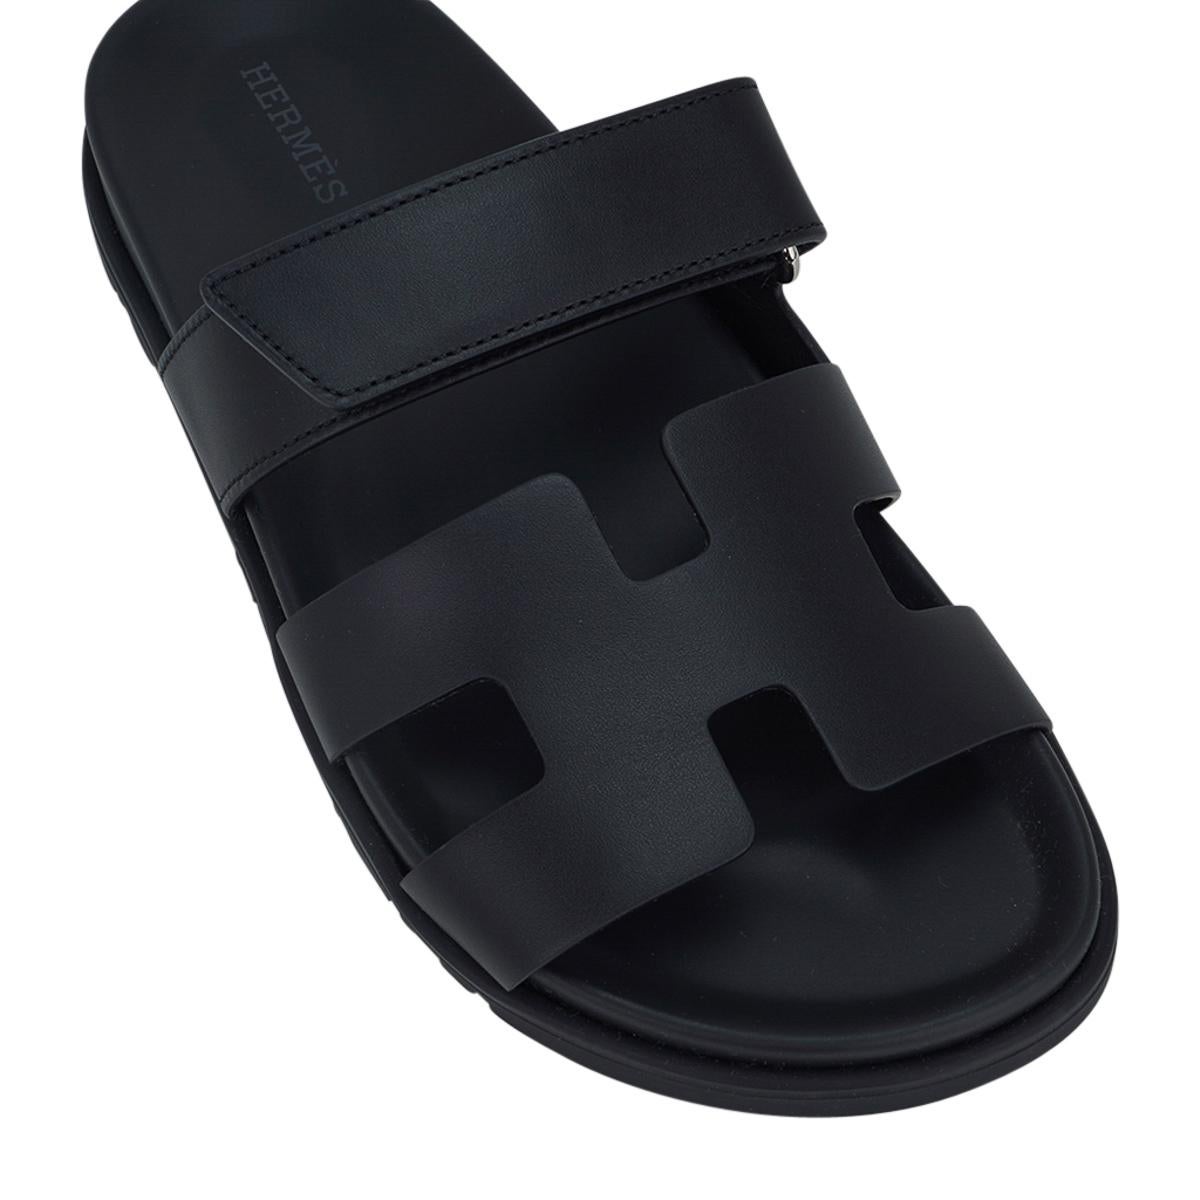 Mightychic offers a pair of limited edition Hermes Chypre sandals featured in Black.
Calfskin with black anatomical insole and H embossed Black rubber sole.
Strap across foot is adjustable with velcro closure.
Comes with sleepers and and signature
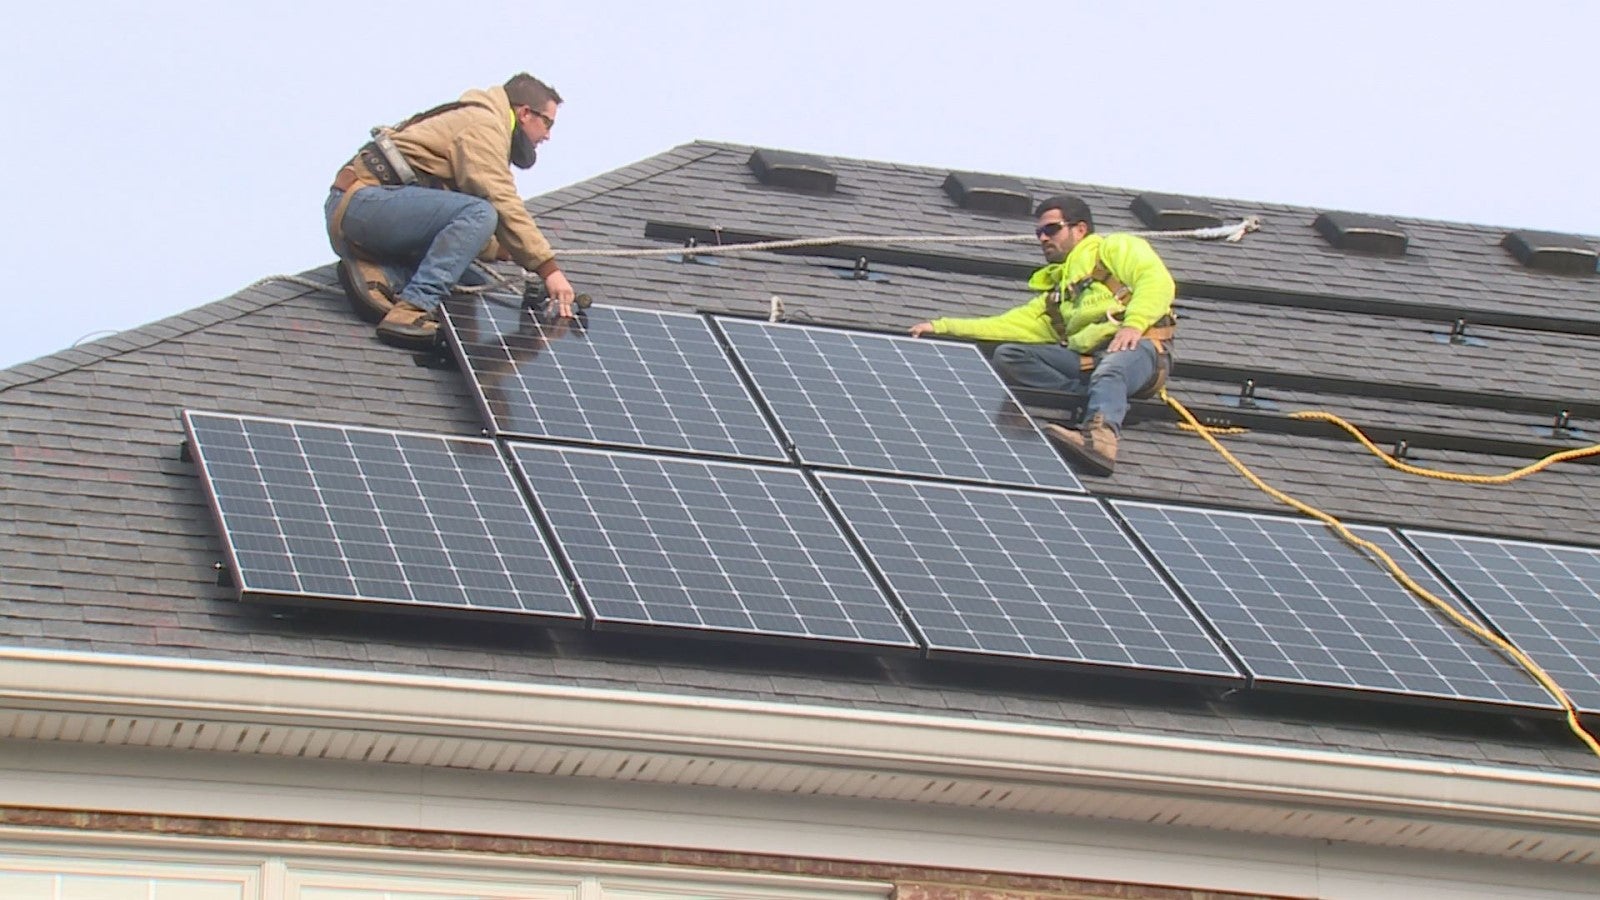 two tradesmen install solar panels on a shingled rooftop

****

# WHAT YOU ARE ASKED TO DO
Search the data for the string "with" and copy each line where it appears.

# SOLUTION TO THE PROBLEM
Calfskin with black anatomical insole and H embossed Black rubber sole.
Strap across foot is adjustable with velcro closure.
Comes with sleepers and and signature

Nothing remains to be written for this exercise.